Yuval Harari: crise global de confiança (Marc Tawil/Divulgação)
Estrategista de Comunicação
Publicado em 6 de novembro de 2025 às 16h42.
O pensador israelense Yuval Harari, best-seller com 1,2 milhão de vendas no Brasil, voltou ao palco do HSM+, evento da HSM, agora presidida por Glaucia Guarcello, em São Paulo.
E, logo na sua fala de abertura, foi incisivo: “A confiança é a base de todas as conquistas humanas”.
“Em uma disputa individual, um humano provavelmente perderia para um chimpanzé, mas, em grupo, dez mil humanos derrotam dez mil chimpanzés. É a confiança, e a capacidade de cooperar em larga escala, que nos permitiu dominar o planeta.”
A boa notícia, porém, acaba aqui. Harari recorda que vivemos um déficit global de confiança: governos, empresas, universidades, a imprensa e outras instituições que nasceram para conectar pessoas, enfrentam profundo descrédito.
E o paradoxo é cruel: nunca tivemos tanta tecnologia de comunicação e nunca igualmente confiamos tão pouco uns nos outros.
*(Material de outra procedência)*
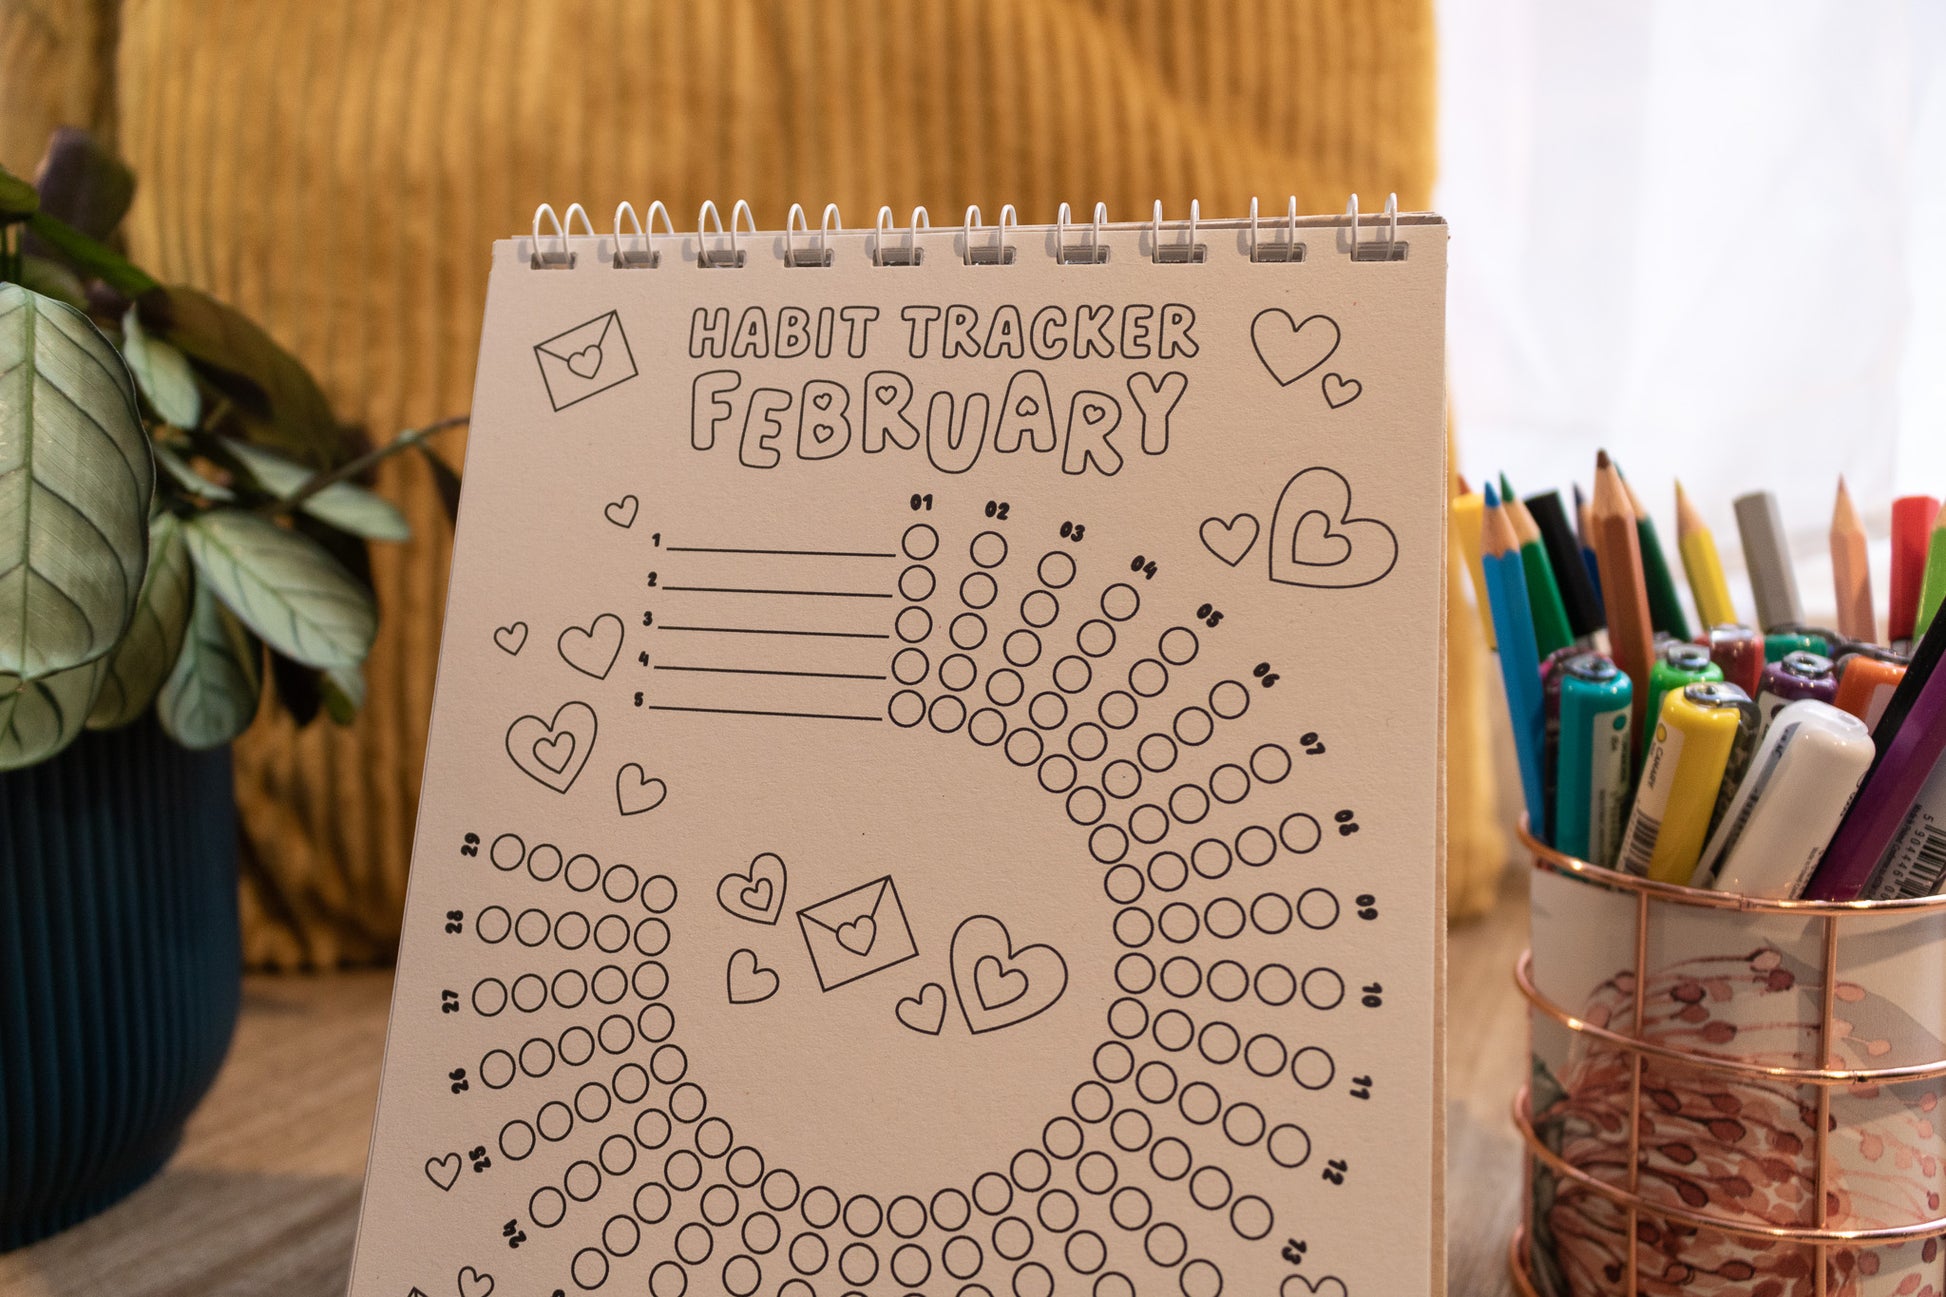 12-month Colouring Habit Tracker by MellowApricotStudio - A5 & A6 standing desk calendar - february page

“A confiança não desapareceu. Apenas se mudou dos humanos para os algoritmos.”
Aqui começa minha leitura — não literal, mas simbólica — sobre o que as ideias de Harari dessa manhã representam para quem comunica, lidera ou constrói marcas.
O que o historiador descreve para a sociedade se aplica diretamente ao novo marketing: algoritmos já decidem o que vemos, sentimos, acreditamos e consumimos.
São os novos editores e juízes da conversa pública.
Mais: eles descobriram que o ódio engaja mais do que a empatia. “Duas horas de raiva valem mais do que vinte minutos de compaixão”, provocou o autor de Sapiens, Nexus, Homo Deus e 21 Lições para o Século 21.
Trata-se do mesmo princípio que move parte da comunicação contemporânea: “exagero” como modelo de negócio.
Nesse cenário, o marketing se torna refém da lógica algorítmica, buscando atenção a qualquer custo, enquanto o público busca sentido.
A consequência é evidente: se a confiança é o que nos diferencia dos outros animais, a falta dela é o que nos aproxima das máquinas.
Harari não falou de branding. O que ele descreve, entretanto, como o deslocamento da confiança e o esgotamento emocional do nosso tempo, vira um espelho perfeito para as marcas.
Quando uma empresa promete demais e entrega de menos, quando a mensagem não reflete a conduta, o vínculo se rompe. E vínculo é tudo o que uma marca tem com seu público.
O novo desafio, portanto, é devolver humanidade às relações, diz o escritor. Não por estética. Por sobrevivência.
As marcas que prosperarão na próxima década serão aquelas que souberem equilibrar clareza, empatia e coerência.
Nesse mundo hiperconectado e movido por dados, a vantagem competitiva passa a ser o que não se pode automatizar: o julgamento ético, o olhar atento, o cuidado genuíno.
Para Yuval Harari, nós, humanos, vencemos porque aprendemos a cooperar com estranhos.
Por isso, entendo que marcas que cooperarem com seus públicos, em vez de apenas vender a eles, repetirão essa lógica ancestral — entenderão que confiança é reciprocidade.
O tempo como nova moeda
Na parte final de sua fala, Harari trouxe outro conceito poderoso: o tempo como medida real de riqueza.
“Se você não tem tempo, é pobre. Não importa quanto dinheiro tenha.”
O escritor falava sobre líderes exaustos e sociedades sem pausa.
Acredito que o raciocínio vale também para consumidores e organizações: marcas que disputam atenção o tempo todo acabam empobrecendo o próprio ecossistema.
A comunicação do agora precisa devolver às pessoas aquilo que lhes foi tomado: tempo de qualidade, foco e serenidade.
Não existe futuro sustentável para negócios que vivem de distração.
Quando Harari diz que “reconstruir a confiança entre humanos é o papel mais importante dos líderes”, ele está falando de política, ética e civilização.
O raciocínio, contudo, vale também para quem lidera empresas e constrói reputações.
Confiança é o novo capital das sociedades e das marcas.
As máquinas já falam. Nós, humanos, precisamos voltar a nos escutar.
O humanismo, tratado por anos como valor abstrato, veja a fina ironia, volta a ser a estratégia mais concreta de todas.